客厅里的静默没有维持太长时间,刚刚从沙发上逃走的小猫又跳跃着扑在兰笙的脚上。
兰笙低头,勾了勾脚背,然后弯腰被小猫抱起来放在腿上。
小猫又开始“喵喵”叫着要去找谢逢歌了。
兰笙怕它又给谢逢歌抓伤了,抱着小猫屁股拍拍,它马上又舒服地抬起屁屁,喉咙里呼噜呼噜。
谢逢歌轻笑:“现在不嫌弃它不会埋,把排泄物蹭德到处都是?”
兰笙皱眉闻了闻:“没有,小笨刚刚没去猫砂盆。”
“嗯。”谢逢歌垂眸看着兰笙撸猫。
又问:“喜欢小笨么?”
“喜欢,小笨很可爱。他还特别粘人,真神奇,明明它是第一次见我,小猫居然不怕人。这么黏我,不知道的还以为我才是主人呢。”
谢逢歌又是失笑,笑声很温柔。
兰笙也很奇怪,他怀疑谢逢歌是不是从出生就叠满了buff,长得好看也就算了,声音也好听,像泠泠松音,冷得很高雅。
他踩着奥特曼拖鞋,脚靠过去碰了碰谢逢歌的脚。
谢逢歌重新撩起眼皮,目光和兰笙对视。
兰笙轻轻说:“我也会死的,谢逢歌。”
谢逢歌:“……嗯。”
“你也会死,小笨也会死。”兰笙安静地说完,抿嘴。
“我的意思是说,既然知道一切的结局都要通向死亡的话,我希望在结局之前可以更精彩些。不要温和地走进那个良夜。狄兰托马斯写给他重病的父亲说的。不要平静地接受死亡。”
“所以如果你想给我拍照的话,我会很开心的。如果有一天我比你先死的话,你就当我是去新世界布置了我的新家。等时候到了,我就邀请你来我家里做客了。”
兰笙弯了弯眼睛,一双桃花眼像是种满了多情泪,怎么看都是风华绝代。
谢逢歌皱眉,他发现自己不但不爱看兰笙在舞台上表演死者的戏码,也不太爱听兰笙谈论这些关于死亡的话题。
兰笙看他一副皱眉的样子,就也学着皱了皱。
还问:“你不相信?”
谢逢歌深深注视着兰笙。
兰笙信誓旦旦的举手:“真的!我发誓!我肯定会邀请你去我家玩的,时候不到就说明是我还没布置好,可不是我小气不邀请你去……”
“兰笙。”
兰笙没说完的话被谢逢歌打断。
他三根手指还举在半空,目光落到谢逢歌脸上。
“……”他觉得谢逢歌好像生气了。
兰笙讪讪地收手,又是一副可怜卖乖样,他吃准了谢逢歌就吃自己这一套。
软着嗓子说:“唔……我妈妈走的时候,我就是这样想的。所以要好好生活,等有一天她布置好新家,我就开开心心地去找她。”

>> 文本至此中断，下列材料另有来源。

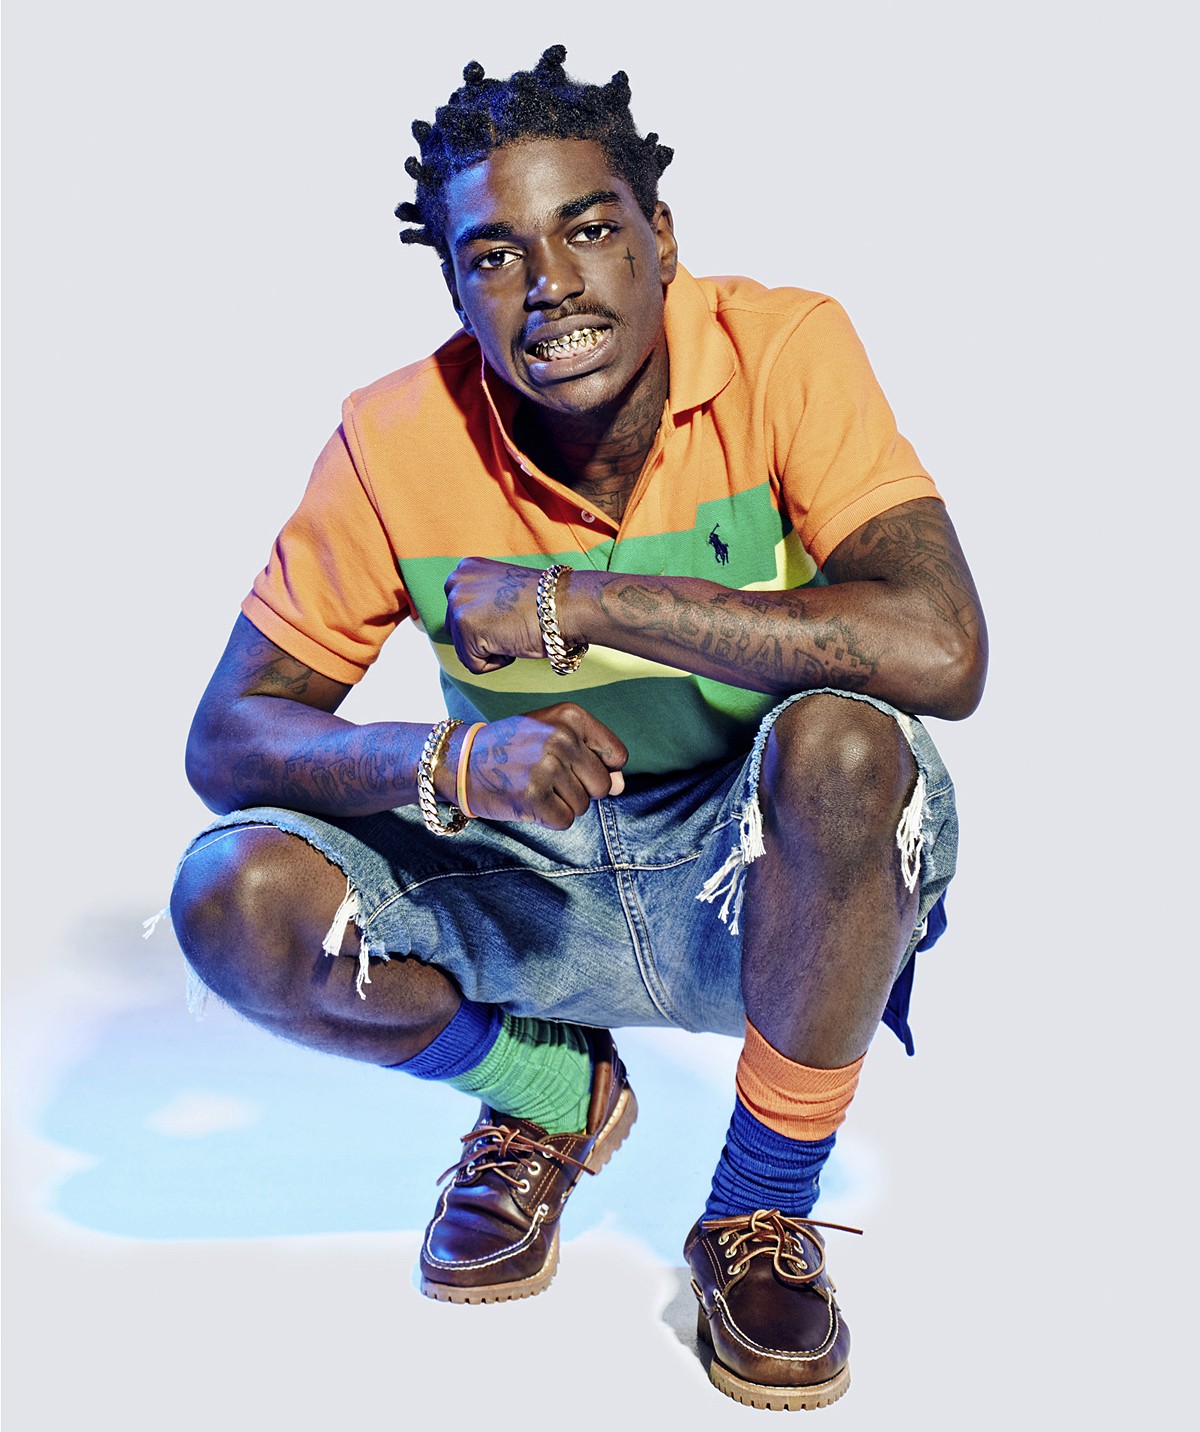 Kodak Black Asks Court To End His Probation Based On Personal Growth
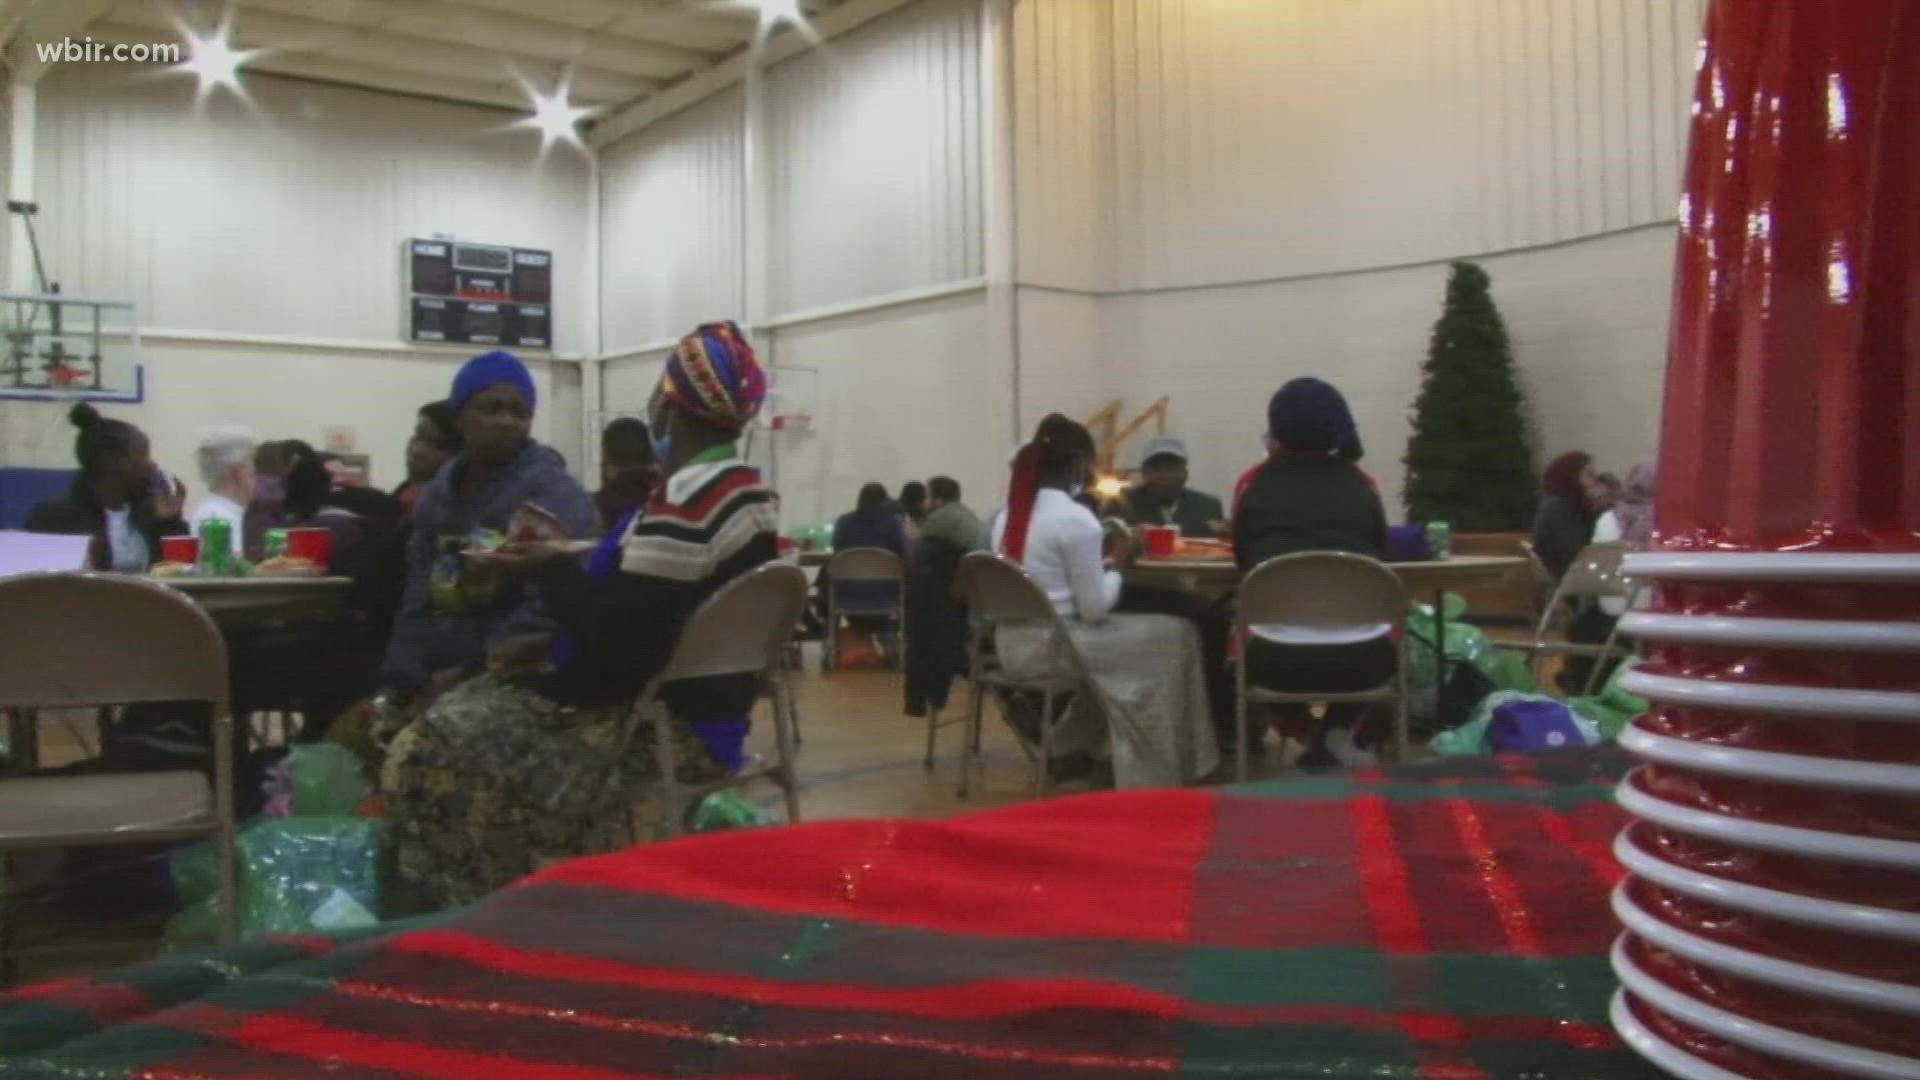 Refugees and immigrants came together to celebrate the holidays at the Center for English.

谢逢歌一阵郁结,他是想不通眼前的人怎么做到这样坦然地谈论生死。
嬉皮笑脸可恶得很,说出来每一个字都惹得他不高兴。
可是想到一场暗恋,只能继续深沉的注视。
要比他先去布置新家,还要高高兴兴地去找妈妈。
有一瞬间他很想粗暴地用吻堵住他的嘴。
可是看到兰笙忽地不笑,抬手要去擦眼睛,谢逢歌心下一跳。
附身去看:“怎么了?”
兰笙鼻翼翕动:“想妈妈了。”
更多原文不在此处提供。